Ferraro Steps Down From Clinton Campaign

"It's disappointing that Clinton supporters have sought to somehow diminish Sen. Obama's candidacy and his support by suggesting he's in some way being given preferential treatment because of his race," Schakowsky said. "Any and all remarks that diminish Sen. Obama's candidacy because of his race are completely out of line."

Schakowsky urged Clinton to call on all of her advisers and supporters to change the tone of the campaign.

Obama campaign manager David Axelrod added the comment was "part of an insidious pattern that needs to be addressed" within the Clinton campaign, pointing to Clinton's remark on "60 Minutes" that rumors of Obama being a Muslim aren't true, "as far as I know," she said.

"When you wink and nod at offensive statements, you're really sending a signal to your supporters that anything goes," Axelrod said, arguing that Clinton is seen as a "divisive and polarizing force."

The Obama campaign pounced Tuesday afternoon on Clinton's mild statement about Ferraro's remark, referring to language Clinton used when she urged Obama to denounce and reject anti-Semitic comments by Nation of Islam head Louis Farrakhan.

"With Sen. Clinton's refusal to denounce or reject Ms. Ferraro, she has once again proven that her campaign gets to live by its own rules and its own double standard, and will only decry offensive comments when it's politically advantageous to Sen. Clinton," Obama campaign spokesman Bill Burton said.

"Her refusal to take responsibility for her own supporter's remarks is exactly the kind of tactic that feeds the American people's cynicism about politics today, and it's why Barack Obama's message of change has resonated so strongly in every corner of the country," Burton said.

Ferraro is currently a lobbyist in New York with Blank Rome Government Relations.

Campaign Surrogates Go Off-Message

It's not the first time a Democratic surrogate has made controversial remarks.

Obama's senior economic adviser Austan Goolsbee told Canadian diplomats the candidate's anti-NAFTA rhetoric should be interpreted as political positioning and not an articulation of policy, according to a Canadian government memo.

Obama foreign policy adviser Susan Rice was part of a mini firestorm last week when she appeared to go off-message and said that neither Obama nor Clinton is ready to answer the proverbial 3 a.m. phone call in the White House.
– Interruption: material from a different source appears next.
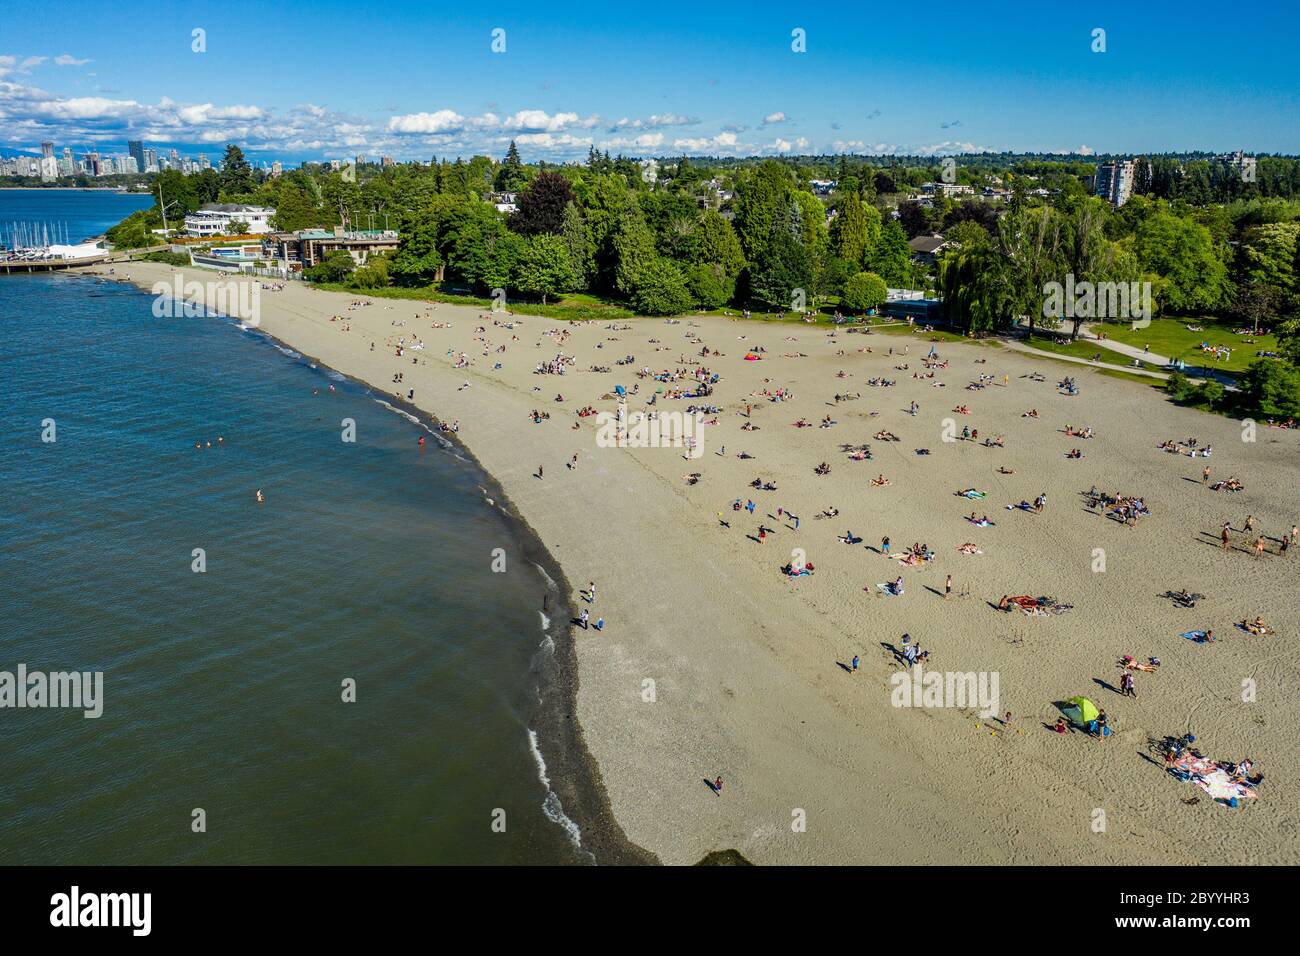 VANCOUVER, KANADA - 7. JUNI 2020: Menschenmassen treffen sich an einem Strand nach sozialen Distanzierungsregeln, nachdem Einschränkungen von der COVID-19 Pandemie abmildern Stockfoto

"Clinton hasn't had to answer the phone at three o'clock in the morning and yet she attacked Barack Obama for not being ready. They're both not ready to have that 3 a.m. phone call," Rice told MSNBC last week.

At the time, the Clinton campaign e-mailed a YouTube video of the interview to reporters.

Earlier in the campaign, Bill Shaheen, a Clinton campaign co-chairman in New Hampshire, stepped aside after making remarks about Obama's past drug use. The Clinton campaign also fired Iowa staffers who forwarded e-mails with false rumors that Obama is a Muslim.

Ferraro's comments appeared to highlight her frustration with Obama's campaign. The Illinois senator is leading Clinton in popular support and pledged delegates, according to ABC News' delegate scorecard.

In the interview with the newspaper, Ferraro also rejected the notion that Obama will bring together Republicans and Democrats.